We examined reproductive, menstrual and hormonal use history in our population-based case-control study of bladder cancer in New Hampshire (NH), USA (n=207 women cases and n=463 women controls). Additionally, we performed a meta-analysis of the published literature. We used unconditional logistic regression analysis to compute adjusted odds ratios associated with each risk factor in the NH study. We combined these estimates with those from the published literature using inverse variance effects models.

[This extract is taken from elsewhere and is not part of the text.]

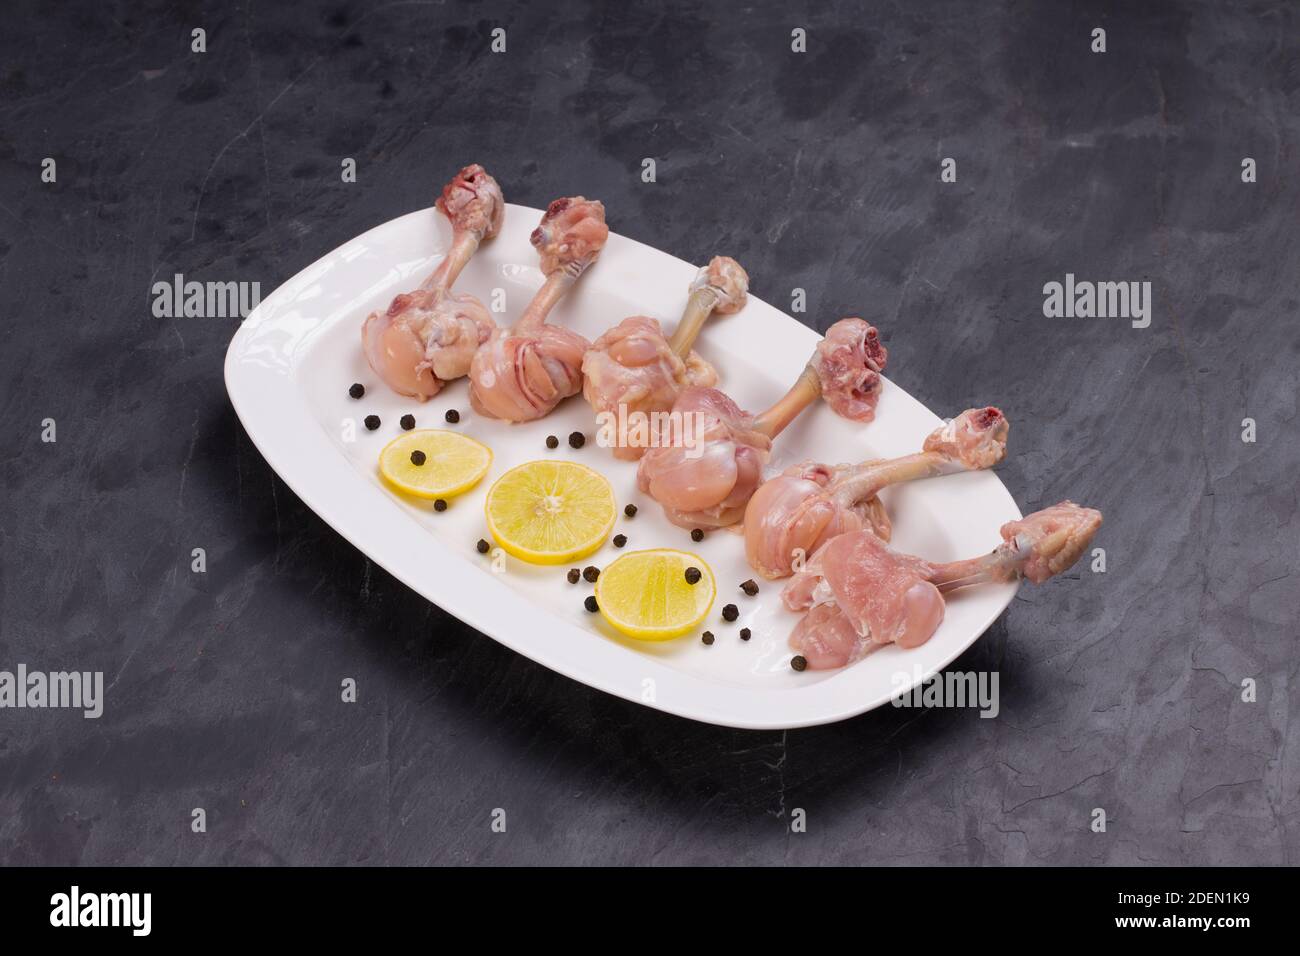 Lollipop de poulet cru, six morceaux de Lollipop de poulet disposés sur un servir une assiette blanche et garni de tranches de citron et de noir poivre sur texture grise Banque D'Images

In the NH study, a slightly decreased odds ratio was found among women who had ever had a birth compared to nulliparous women and an elevated odds ratio among women who underwent surgical menopause (bilateral oophorectomy), especially at an early age. No overall associations were found with oral contraceptive use or hormone replacement therapy. These findings were generally in agreement with the meta-analytic results for which the combined relative risk (RR) estimate was reduced among ever parous women (combined RR estimate for ever parous versus nulliparous=0.66, 95% confidence intervals [95% CI] 0.55-0.79) and elevated among those undergoing an early menopause (combined RR estimate for early versus late menopause=1.59, 95% CI 1.31-1.92). No consistent risk was observed for the other factors.


Some reproductive and menstrual factors appear to be related to the incidence of bladder cancer among women; but whether effects are due to female hormones is uncertain.